- _PROBLEM_: Show every line in the entries below where the word "contains" appears.

- _RECORDS SHOWN_:

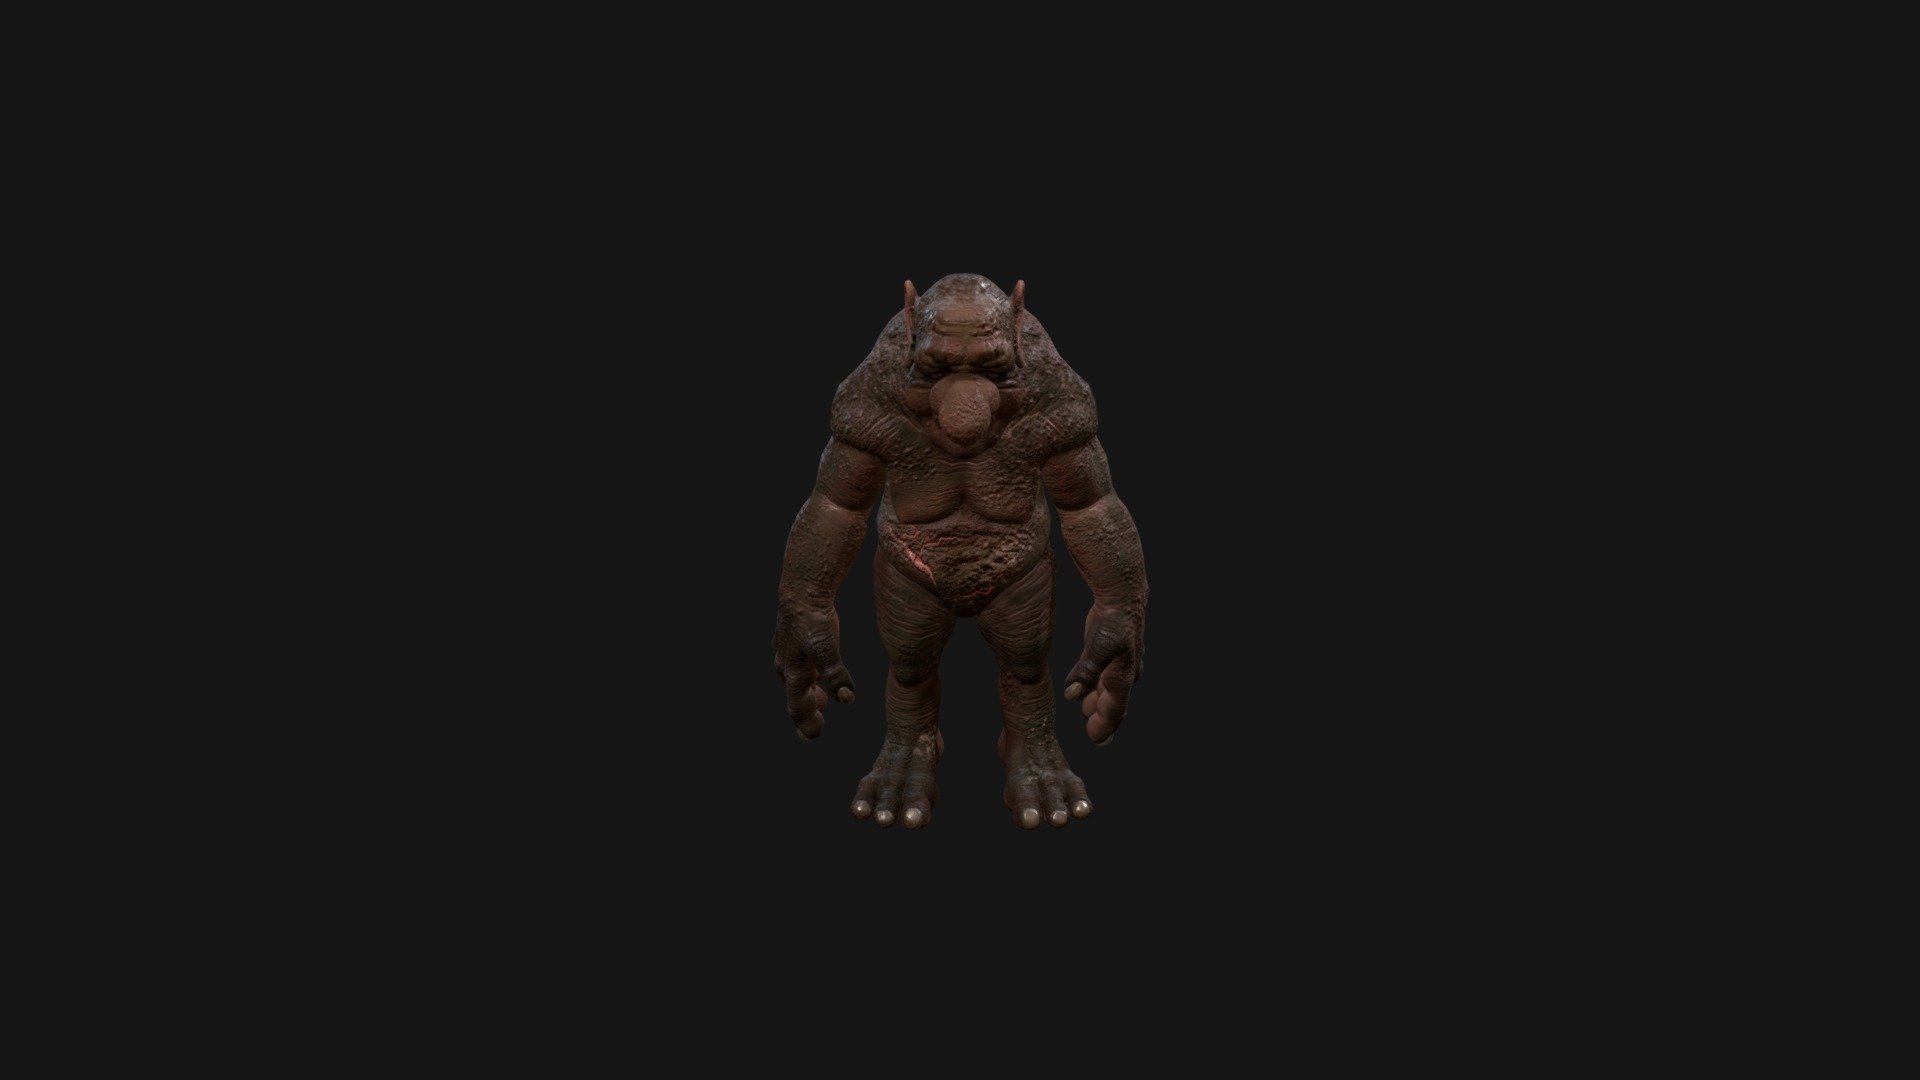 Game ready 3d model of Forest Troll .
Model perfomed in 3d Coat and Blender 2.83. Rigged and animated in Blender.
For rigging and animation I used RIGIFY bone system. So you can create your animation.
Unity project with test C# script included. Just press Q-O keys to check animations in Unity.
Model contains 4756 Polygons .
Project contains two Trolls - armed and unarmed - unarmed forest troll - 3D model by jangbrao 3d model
* * *
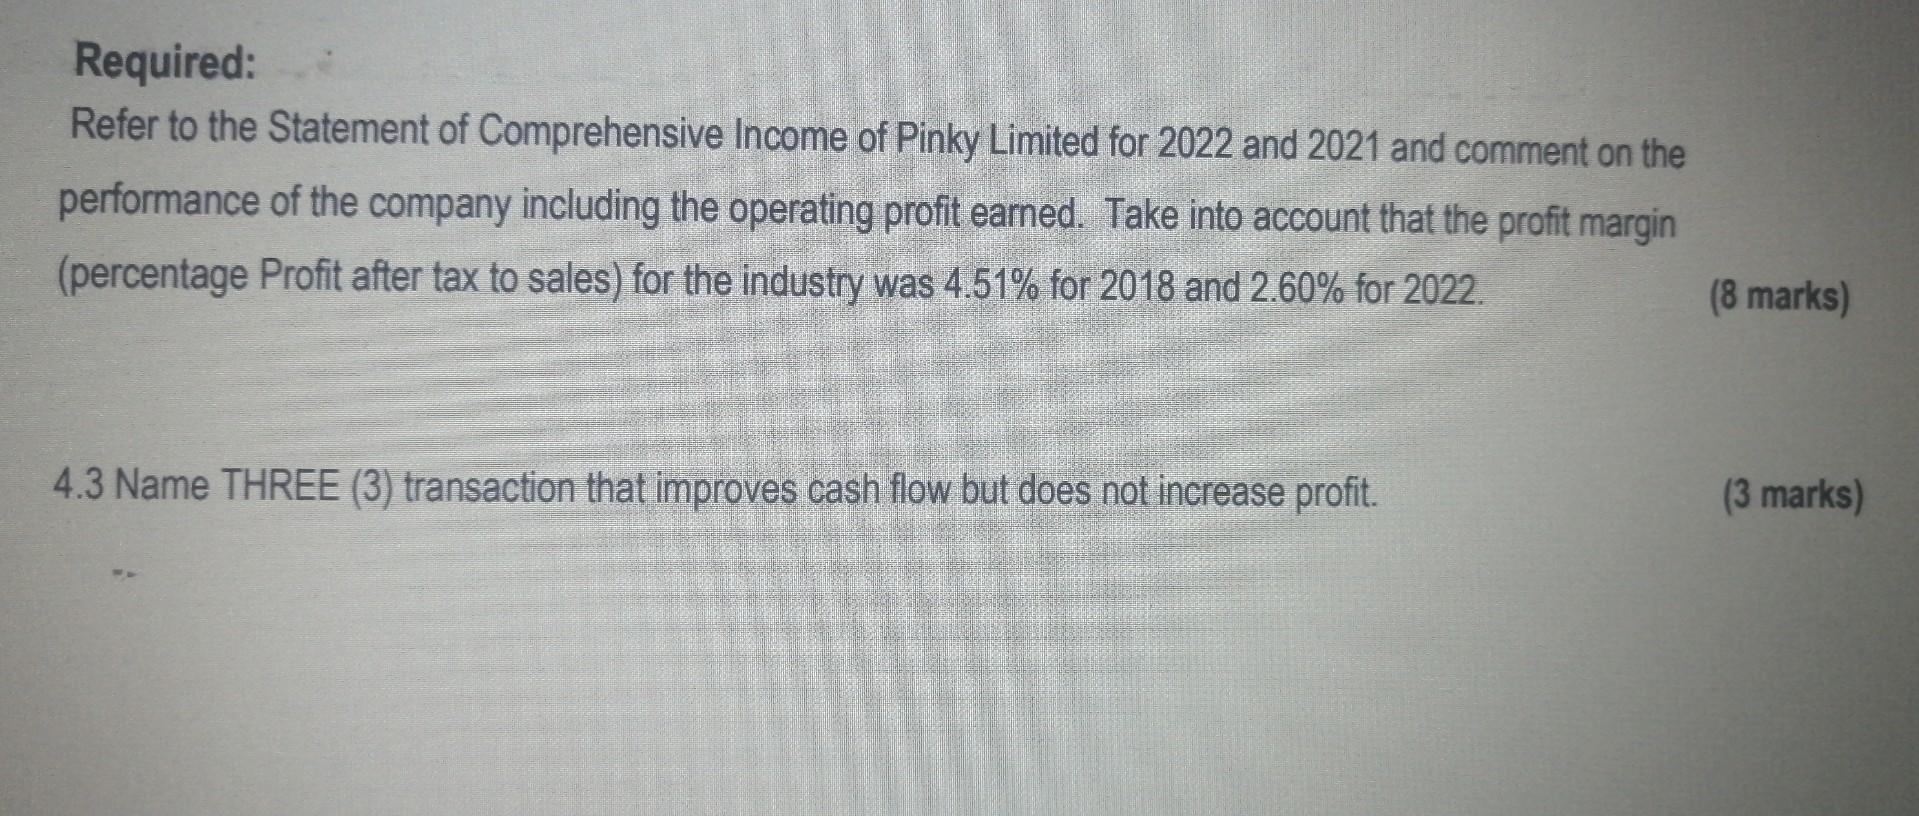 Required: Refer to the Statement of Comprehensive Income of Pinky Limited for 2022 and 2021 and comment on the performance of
* * *
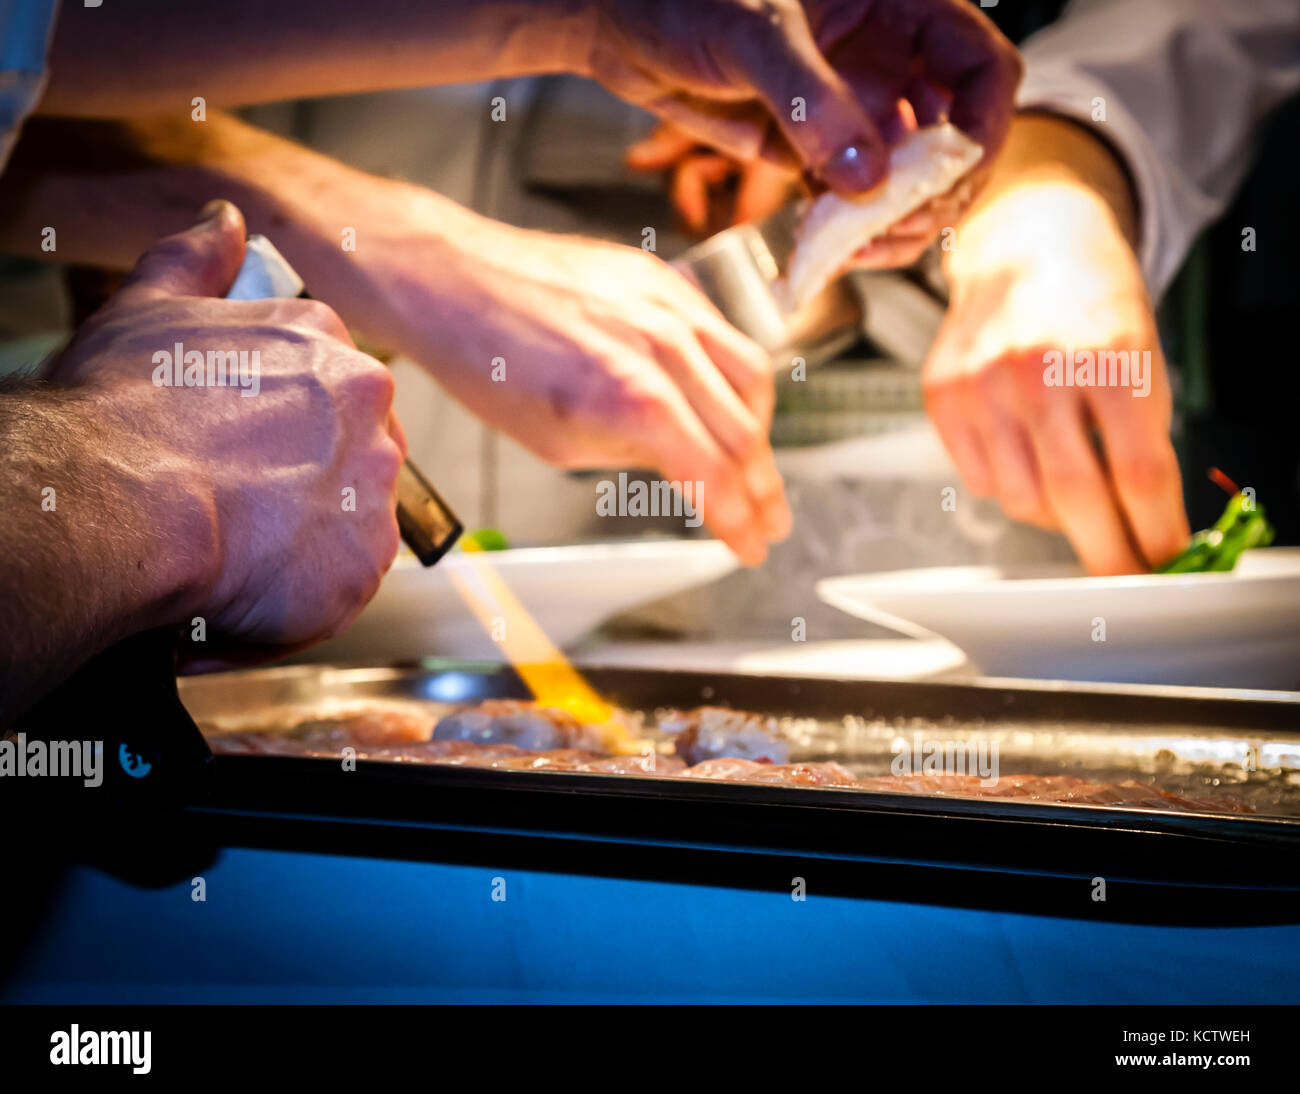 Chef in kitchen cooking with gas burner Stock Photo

- _RESPONSE TO THIS TASK_:
Model contains 4756 Polygons .
Project contains two Trolls - armed and unarmed - unarmed forest troll - 3D model by jangbrao 3d model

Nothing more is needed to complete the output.